8

Is there a way to place horizontal lines with the group means on a plot without creating the summary data set ahead of time? I know this works, but I feel there must be a way to do this with just ggplot2.

library(dplyr)
library(ggplot2)
X <- data_frame(
  x = rep(1:5, 3),
  y = c(rnorm(5, 5, 0.5),
        rnorm(5, 3, 0.3),
        rnorm(5, 4, 0.7)),
  grp = rep(LETTERS[1:3], each = 5))

X.mean <- X %>%
  group_by(grp) %>%
  summarize(y = mean(y))

X %>%
  ggplot(aes(x = x, y = y, color = grp)) +
  geom_point(shape = 19) +
  geom_hline(data = X.mean, aes(group = grp, yintercept = y, color = grp)) +
  background_grid()

grouped mean lines

wdkrnls
  • 4,548
  • 7
  • 36
  • 64

1 Answers1

10

Expanding on my comment:

ggplot(X, aes(x = x, y = y, color = grp)) +
  geom_point(shape = 19) +
  stat_smooth(method="lm", formula=y~1, se=FALSE)+
  theme_bw()

So this applies a linear model with only the constant term, which returns the mean. Credit to this answer for the basic idea.

Edit: Response to OP's very clever suggestion.

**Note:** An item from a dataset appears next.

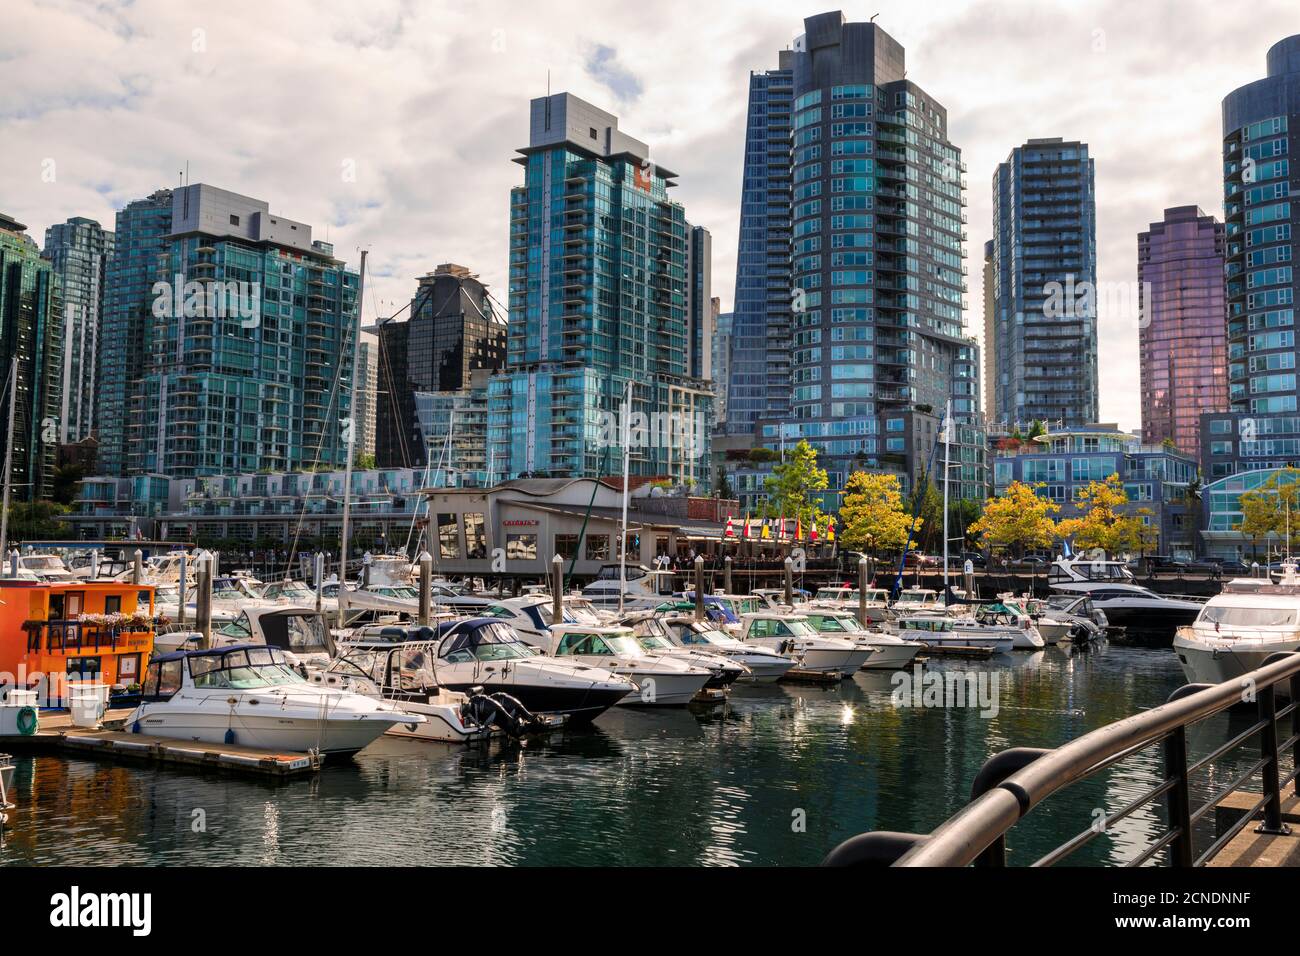 Marina at Coal Harbour, with leisure craft and house boats, city skyline, Vancouver, British Columbia, Canada Stock Photo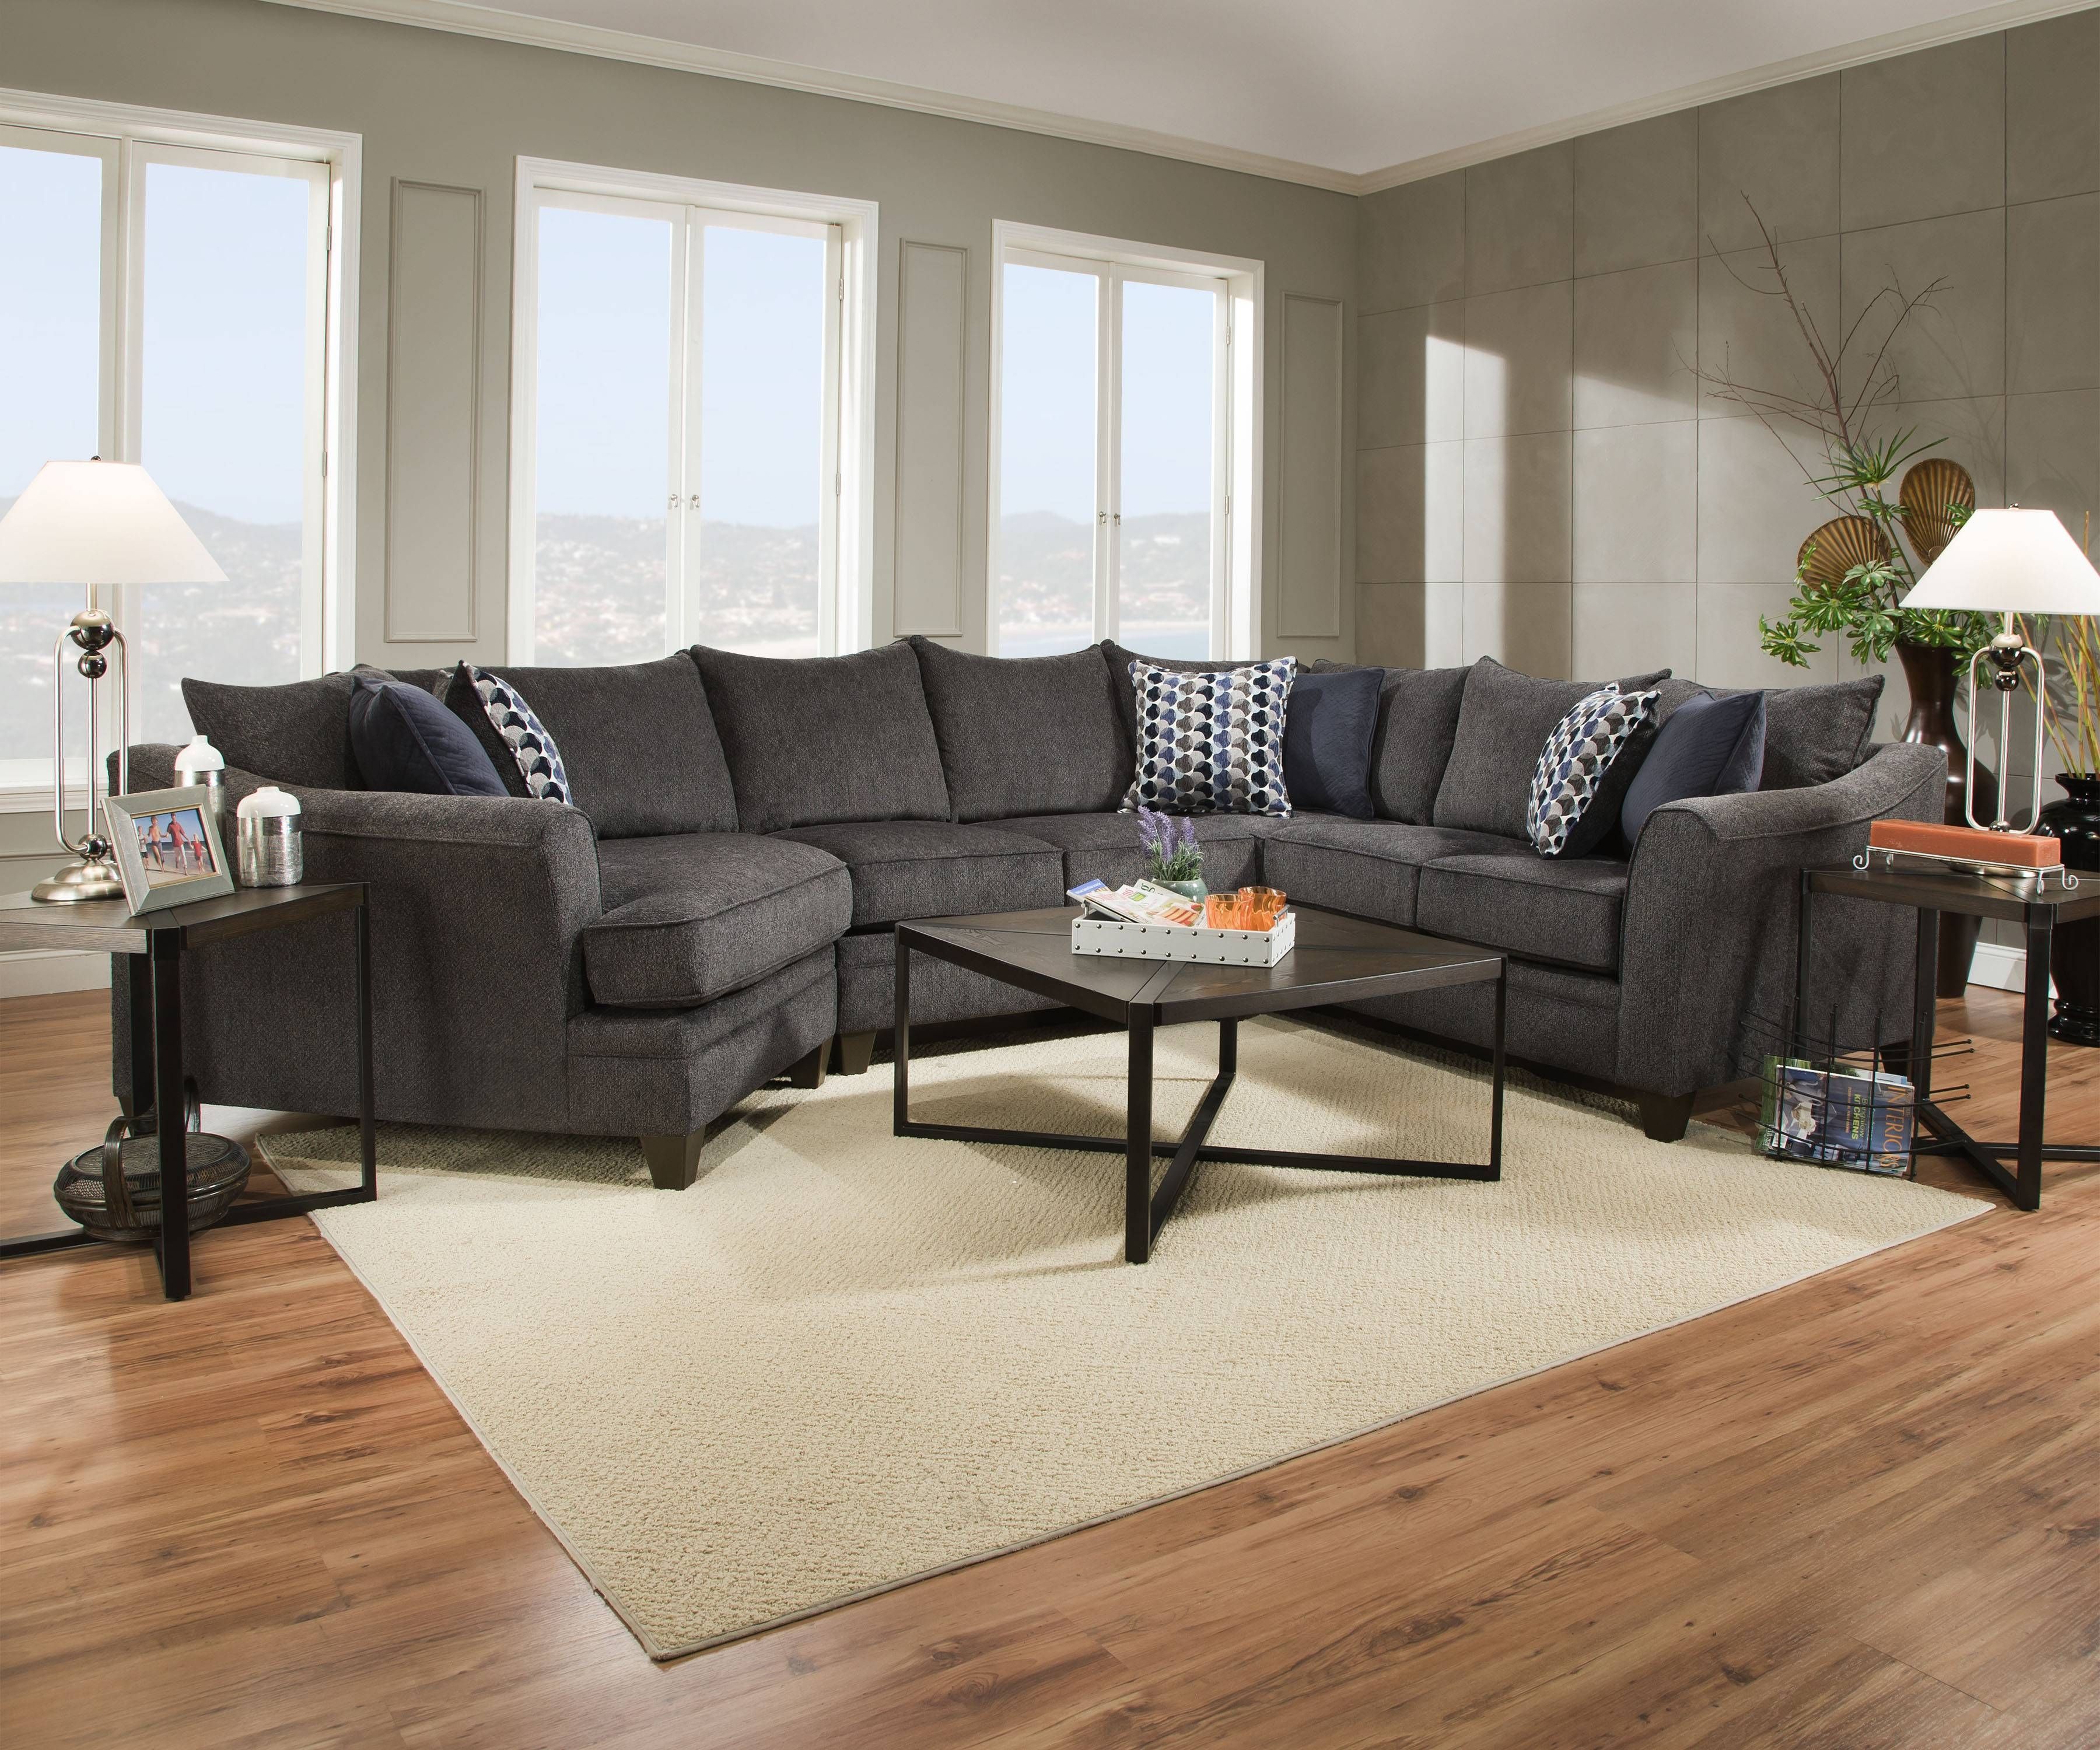 Furniture: Simmons Sectional For Comfortable Seating — Threestems Throughout Simmons Sectional Sofas (View 4 of 30)

It looks like you can use quantile regression to generate the medians!

library(quantreg)
ggplot(X, aes(x = x, y = y, color = grp)) +
  geom_point(shape = 19) +
  stat_smooth(method="rq", formula=y~1, se=FALSE)+
  theme_bw()

The basic requirement for stat_smooth(method=..., ...) is that the method returns an object for which there is a predict(...) method. So here rq(...) returns an rq object and there is a predict.rq(...) method. You can get into trouble using se=TRUE sometimes as not all predict methods return standard errors of the estimates.

Community
  • 1
  • 1
jlhoward
  • 58,004
  • 7
  • 97
  • 140